Data excerpt:
Segment Open
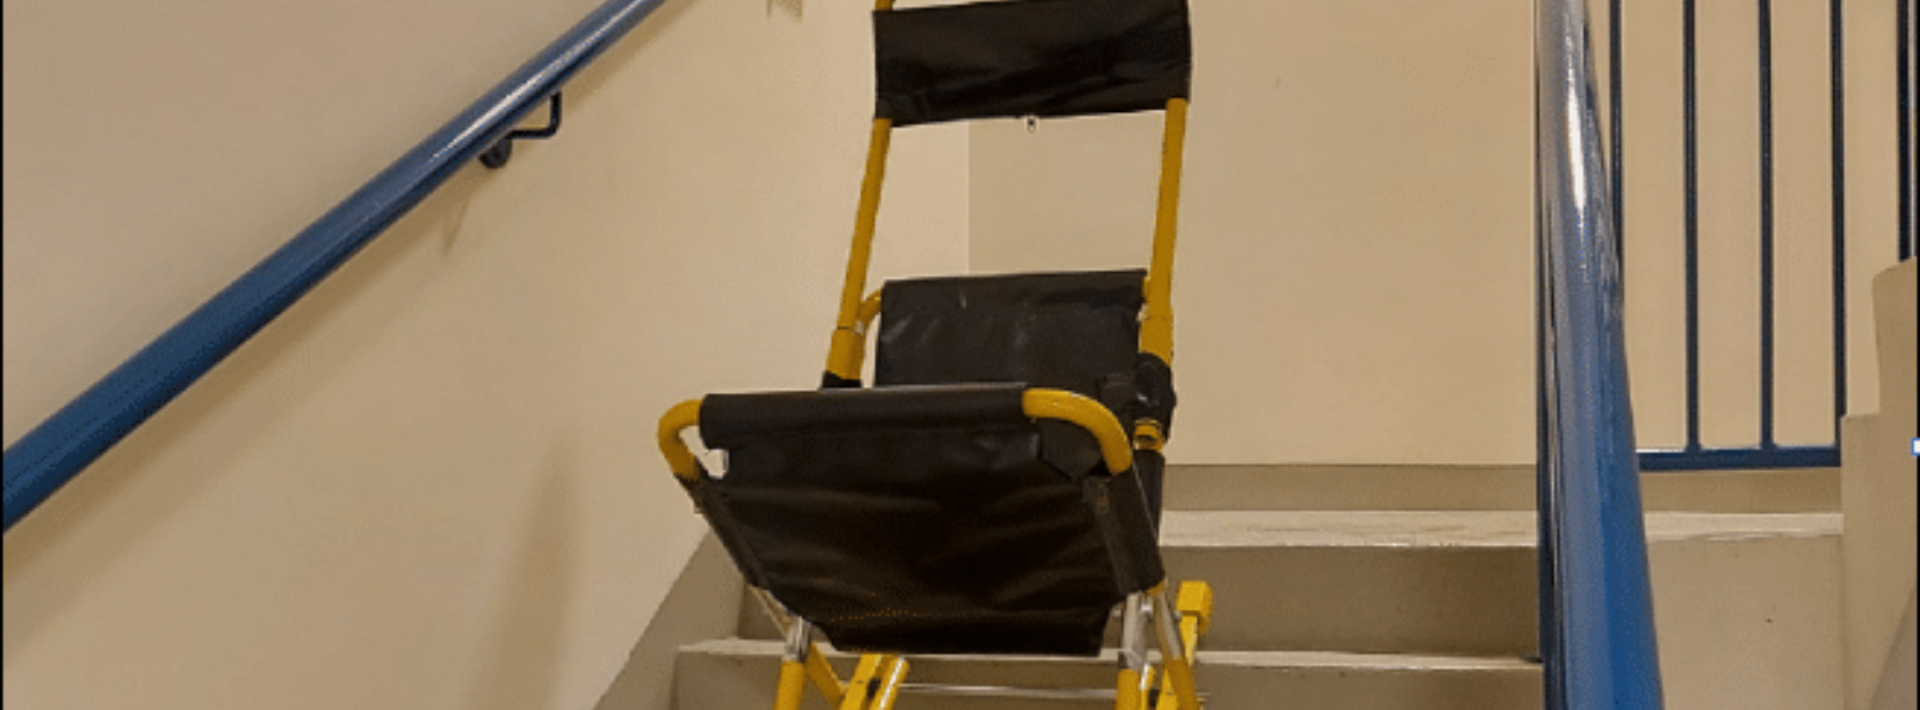 Evacuation chairs for emergencies
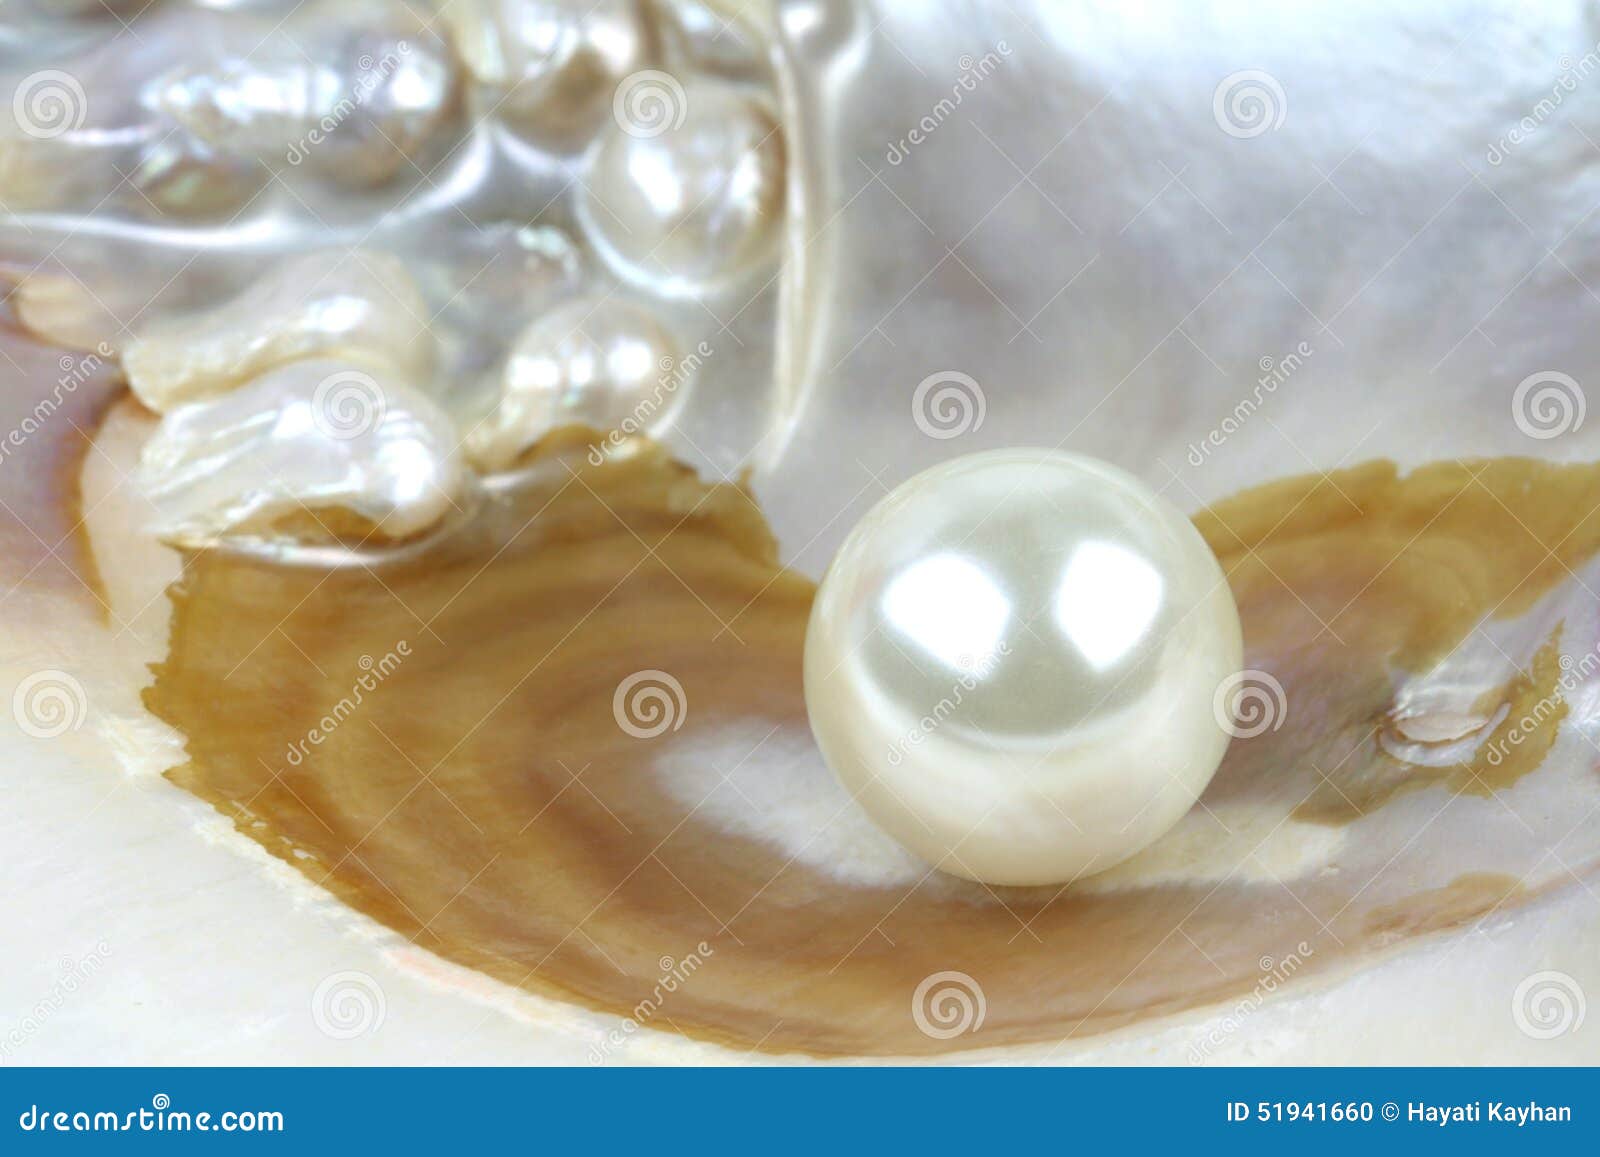 Sea Shell with Real Pearls, Macro Shot Stock Photo - Image of rare
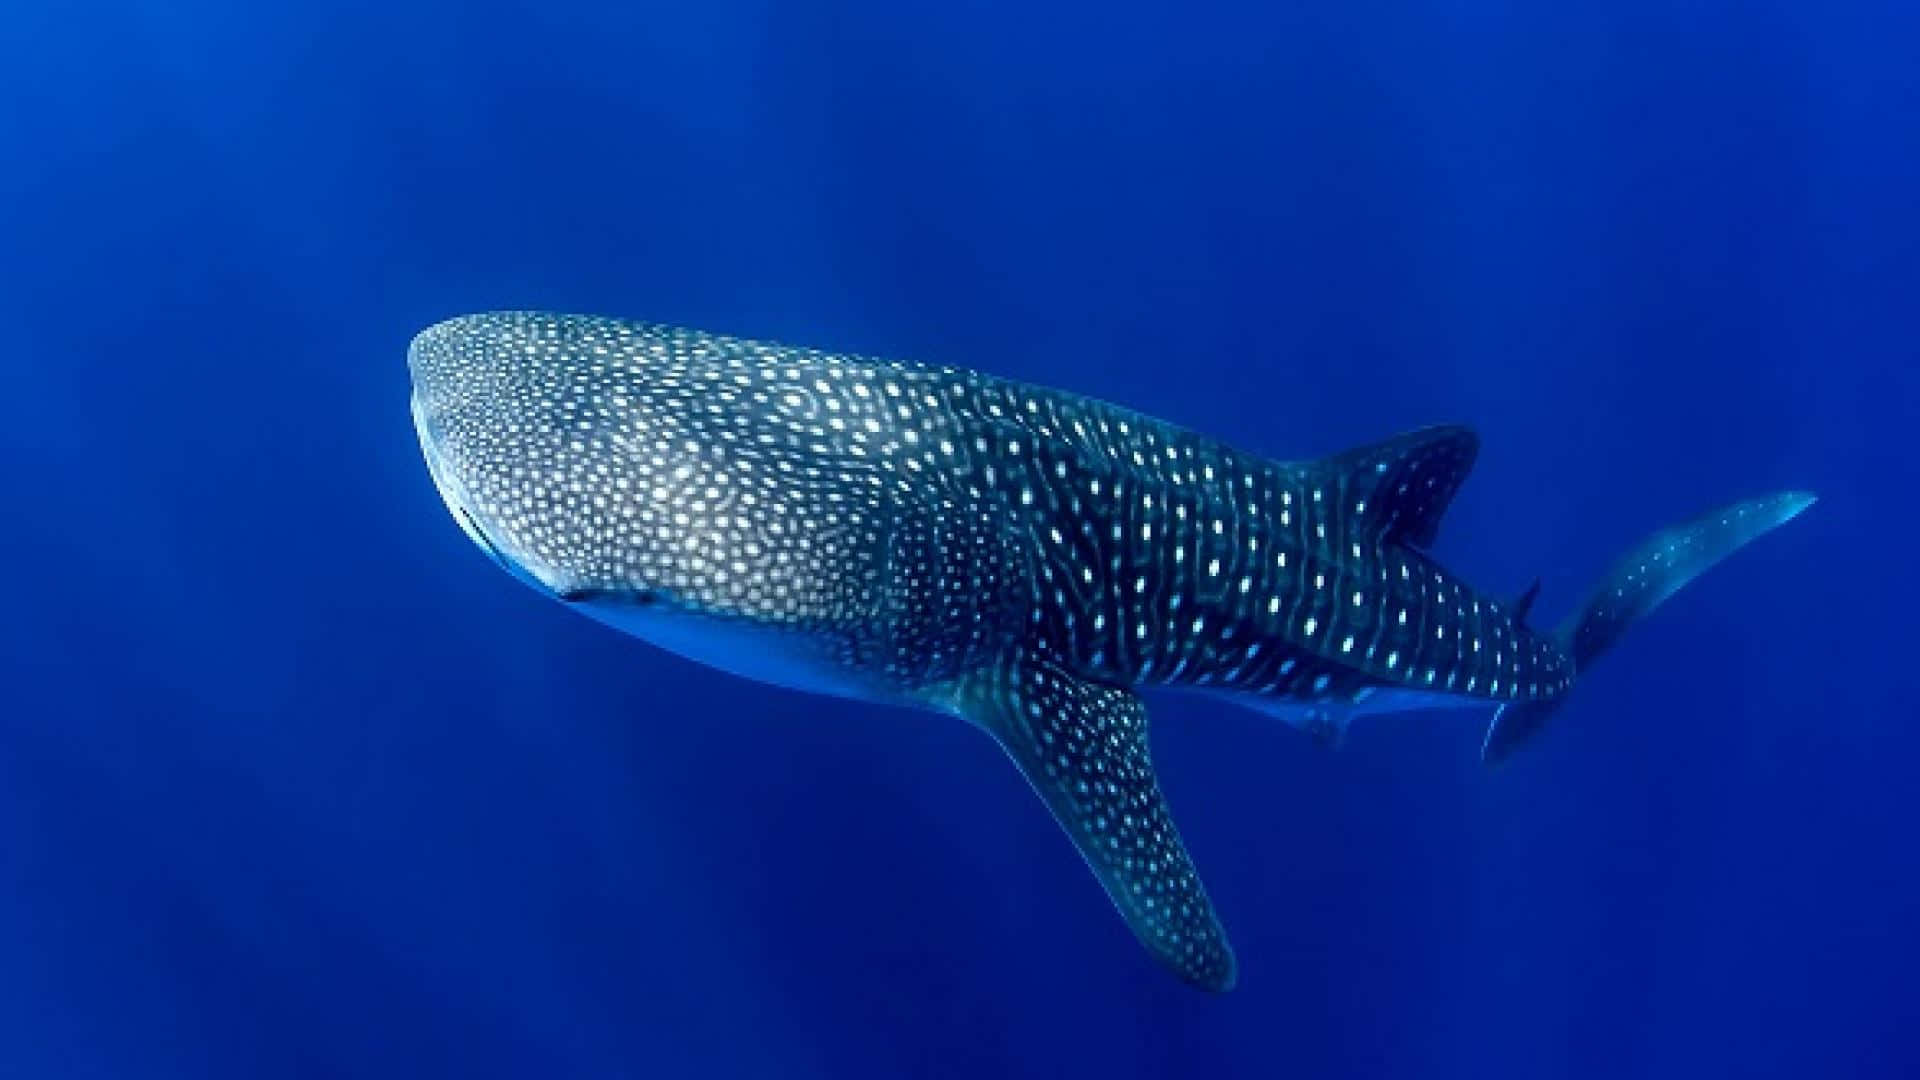 Caption: Majestic Diving Companion - The Graceful Whale Shark Wallpaper
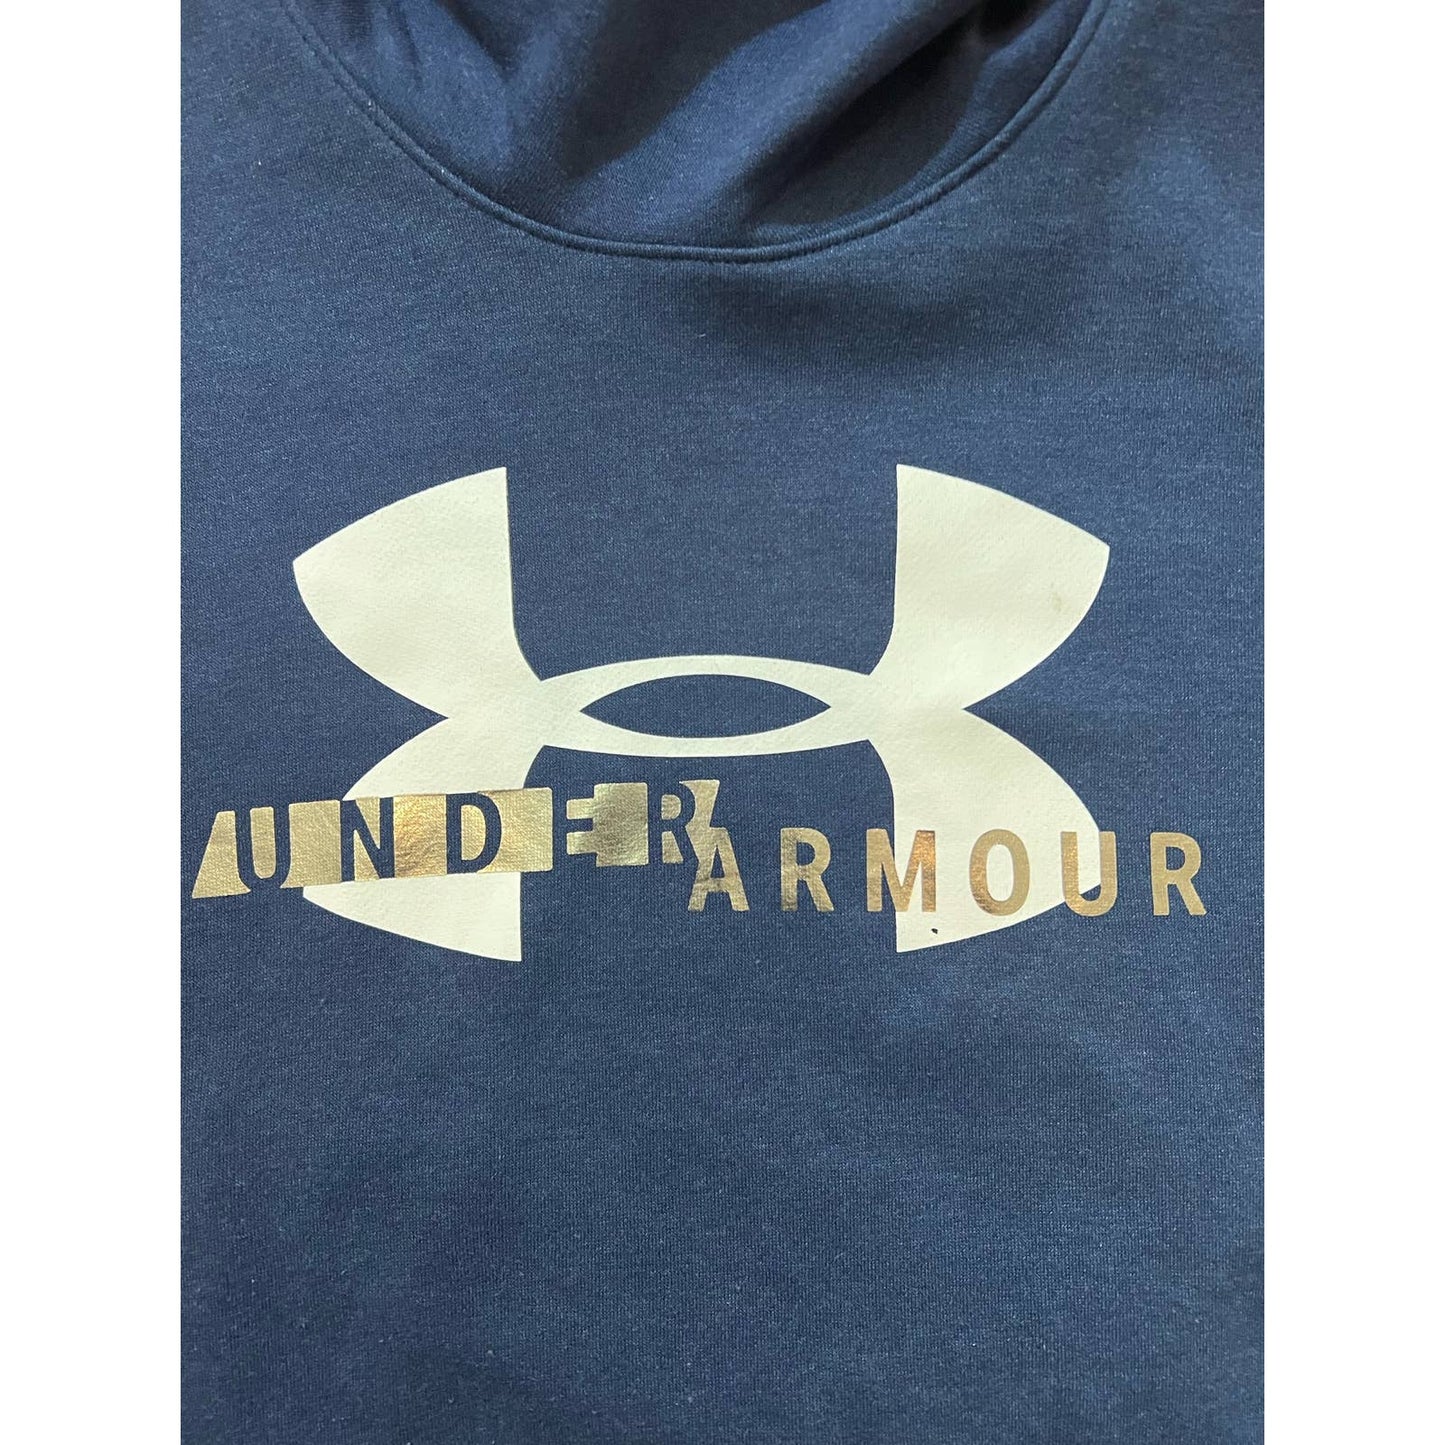 Under armour hoodie navy
Segment Closed
Description of the task: All of the data gets printed again exactly; the pictures do not.

Worked solution:
 Evacuation chairs for emergencies
 Sea Shell with Real Pearls, Macro Shot Stock Photo - Image of rare
 Caption: Majestic Diving Companion - The Graceful Whale Shark Wallpaper
 Under armour hoodie navy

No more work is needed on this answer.